As their numbers rise, the growth of
small businesses is critical to the lending
business. The banks’ goal: help local
businesses thrive while ensuring that
depositor’s assets are safeguarded in
well-run and prudent investments. Too
often, however, the small business
owner does not understand how to
secure the credit needed to jump-start or
sustain his operation.
“It comes down to understanding what
a lender is looking for: the tools that he
needs to make a risk assessment decision,” says Frank Briggs, senior vice
president and manager of business banking at ViewPoint Bank.
Smart Business spoke with Briggs
about some of the do’s and don’ts of
commercial borrowing and how to
obtain the right loan at the right price.
Is getting a commercial loan as simple as
filling out a loan application?
That’s one part of it. Remember, banks
are competitive in their desire to establish credit for their clientele, yet so many
customers fail to understand what a
lender is looking for.
The biggest issue is being able to
demonstrate that you already have good
credit. Paramount in a person’s ability to
get business credit is the strength of his
or her individual credit score, which is a
great measure of an ability to repay a
business loan.
In most owner-managed companies,
the owner manages the cash flow of the
business. Of course, we look at a company’s revenue, its accounts receivable,
marketing strategy and other elements
of the operation to determine the
strength of the business.
But we also look at how the owner-manager manages the cash flow in his
personal life. Does he pay his bills on
time and in full? Does he live within his means? Such factors are great indicators
of how well he might run his own business. If the history of performance on
the personal side is satisfactory, then we
look at the business’s trends in revenue,
profitability and debt to equity.
How could a person who knows how to run
a business not understand the elements of
securing credit?
Many business owners know the nuts
and bolts of their industry but are not
trained in banking.
You could say that there is an entire
spectrum of knowledge on how best to
secure credit. Some are extremely
knowledgeable about available sources
of funds and how to qualify. But others
are so busy concentrating on their business that they have not gained the tools
to understand a lender’s mindset. A
simple example is a case in which a
client approaches us for a line of credit — a term he hears frequently at
social gatherings, in advertisements
and from his business peers. But even
after counseling, he realizes that an
equipment loan to buy a delivery truck
is necessary.

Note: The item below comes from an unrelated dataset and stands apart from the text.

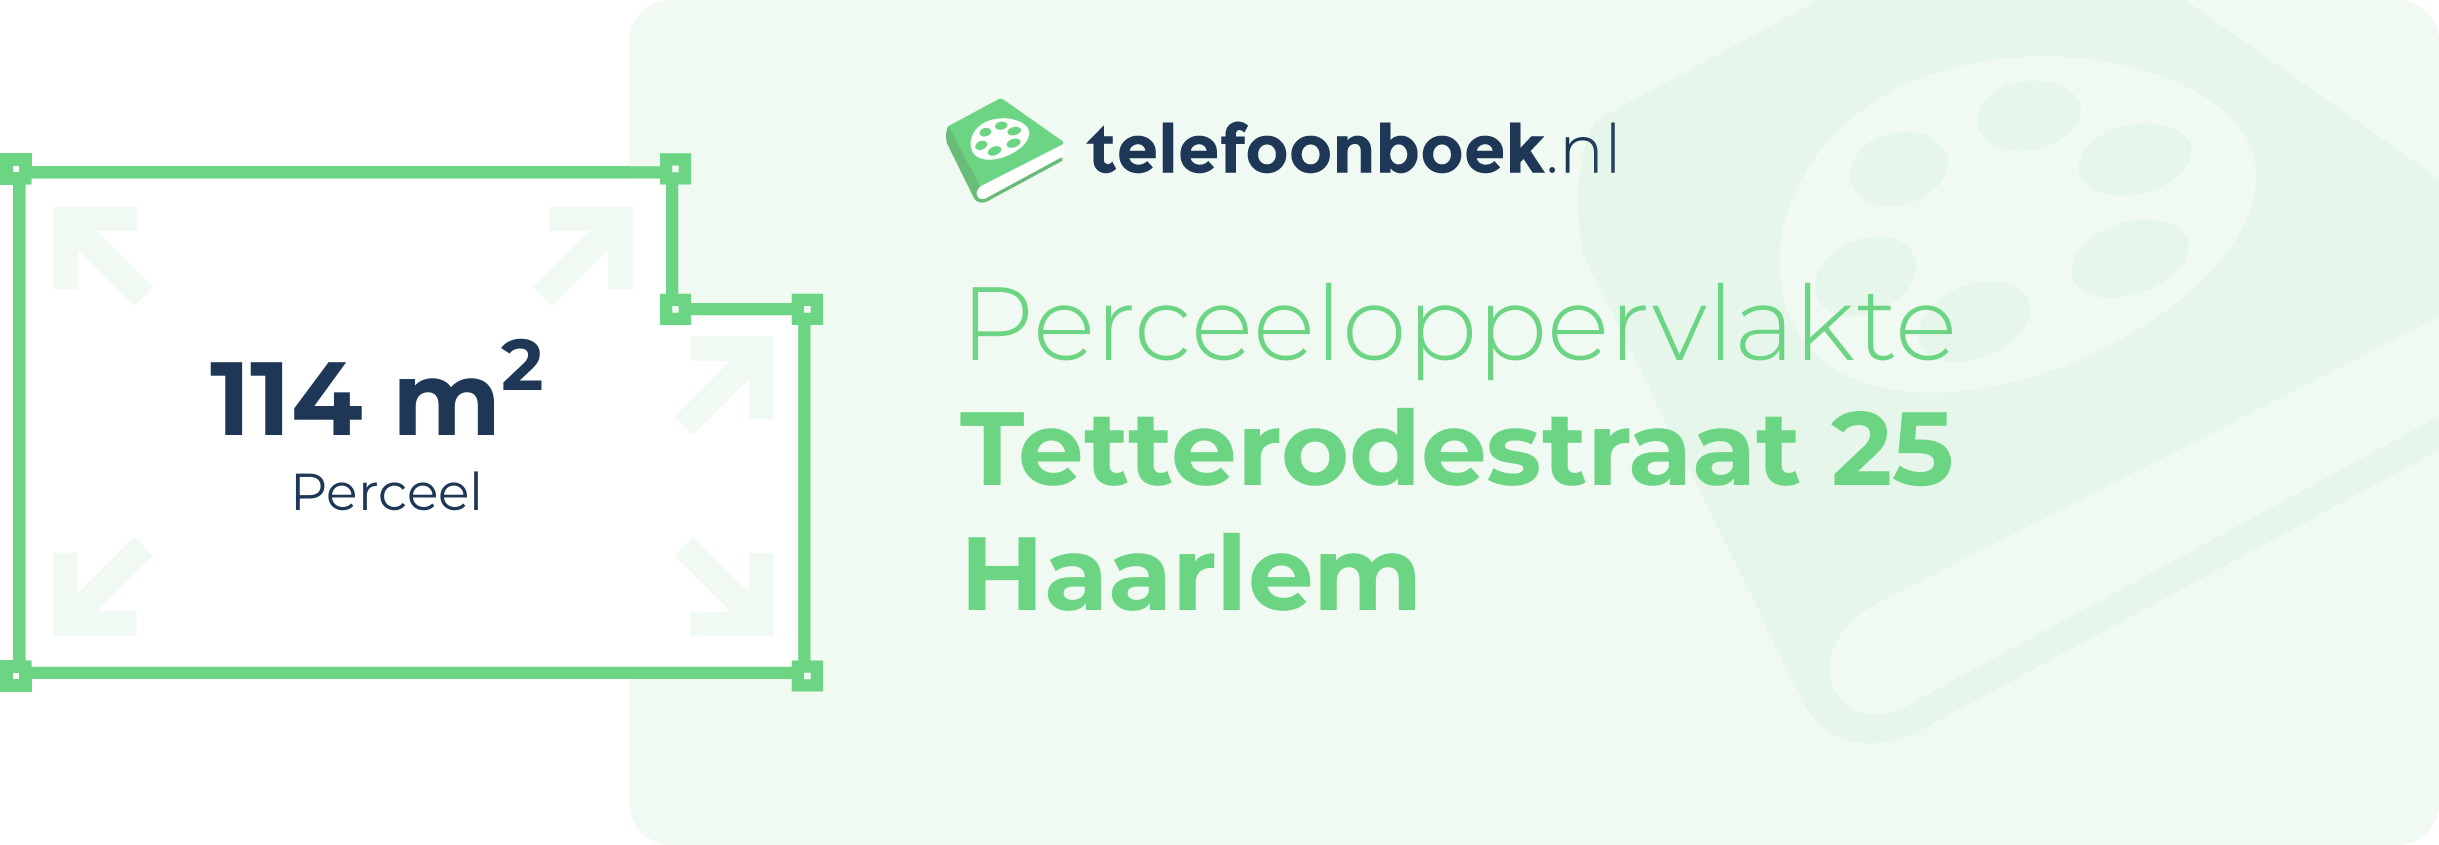 Perceeloppervlakte Tetterodestraat 25 Haarlem

What we do is to uncover the true purpose of the need and direct
a customer to the right facility, often at
better rates and terms than he originally figured.
What are some of the key elements of an
application package?
We look for three things: the credit history of the owner, the cash flow sufficiency of the business and collateral sufficiency or a secondary source of repayment, such as internal capital (including
the owner’s personal assets) that would
allow for the liquidation of the business
in a downturn and make the bank whole.
Many borrowers don’t understand that
the bank is lending its depositors’ money
and that we need to be certain to minimize risk in order to protect our depositors’ funds.

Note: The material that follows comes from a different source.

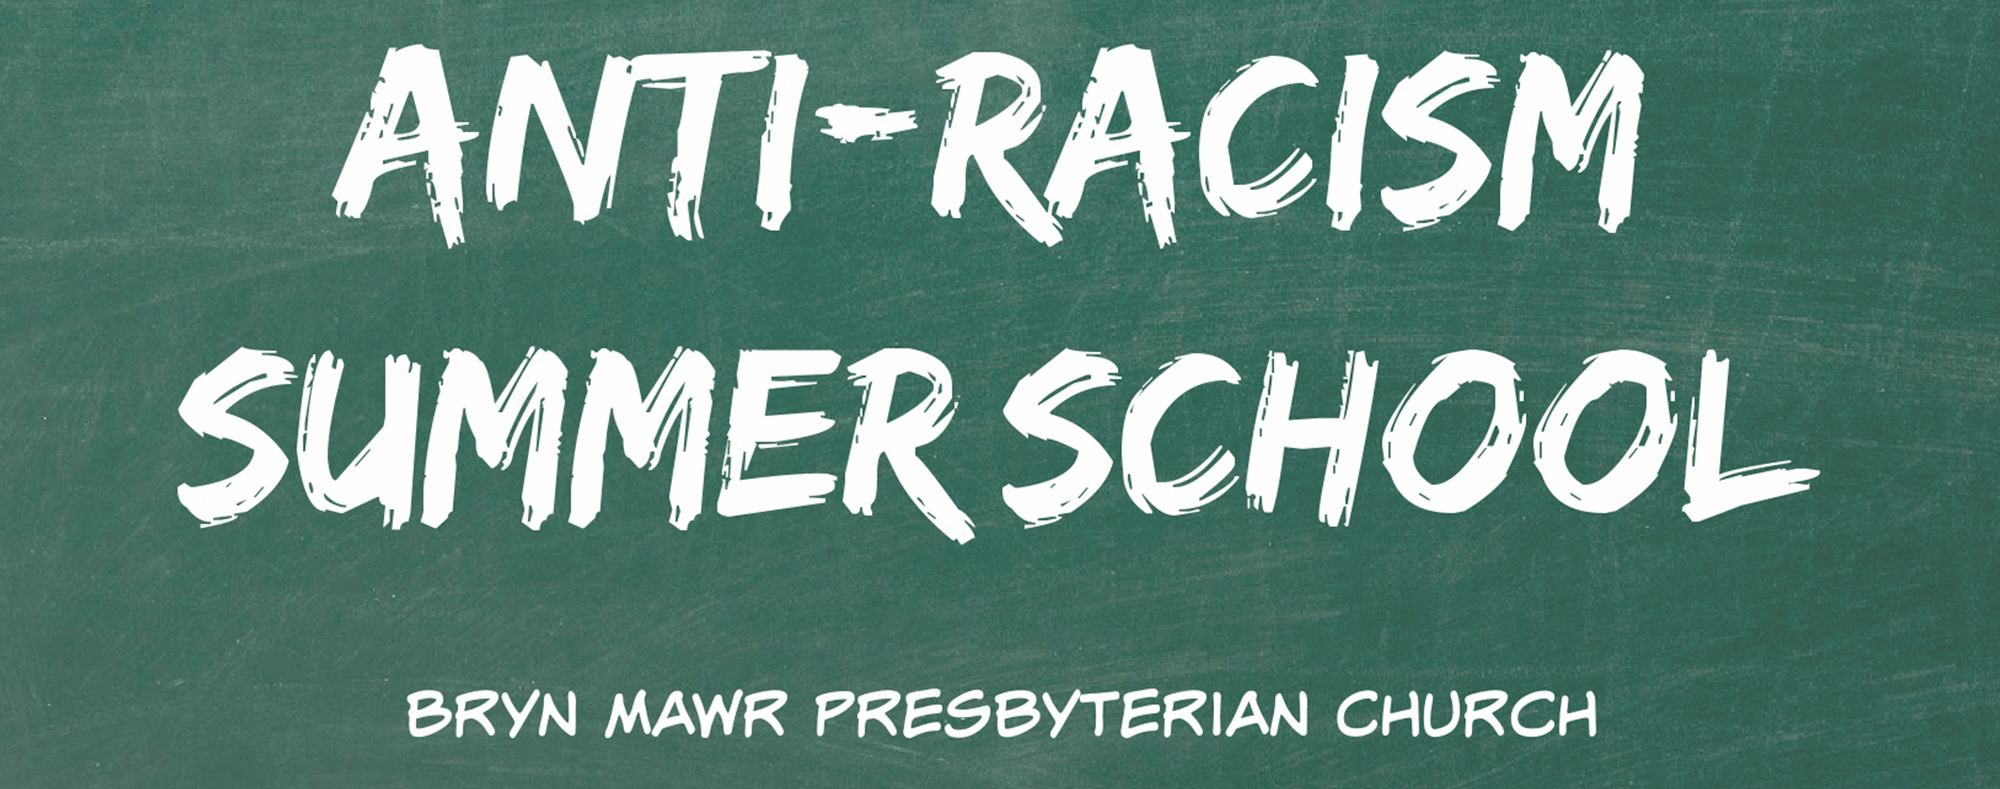 Anti-Racism Summer School

What are some common mistakes made in
loan applications?
An area that borrowers fail to address
most commonly is the understanding of
historical cash flow. They do not identify
all their repayment sources. This could
include depreciation — a noncash
expense — excess personal income and
excess personal income from other company owners. We help the client identify
all sources of repayment in order to
strengthen his application.
How does the loan application process
begin?
It starts with an interview. But even
before that stage, we reach out to the
community to target existing customers and new prospects to see if
there is a need we can satisfy. It could
be that we discover that their borrowing expenses are too high, and that our
products could help lower their financing costs.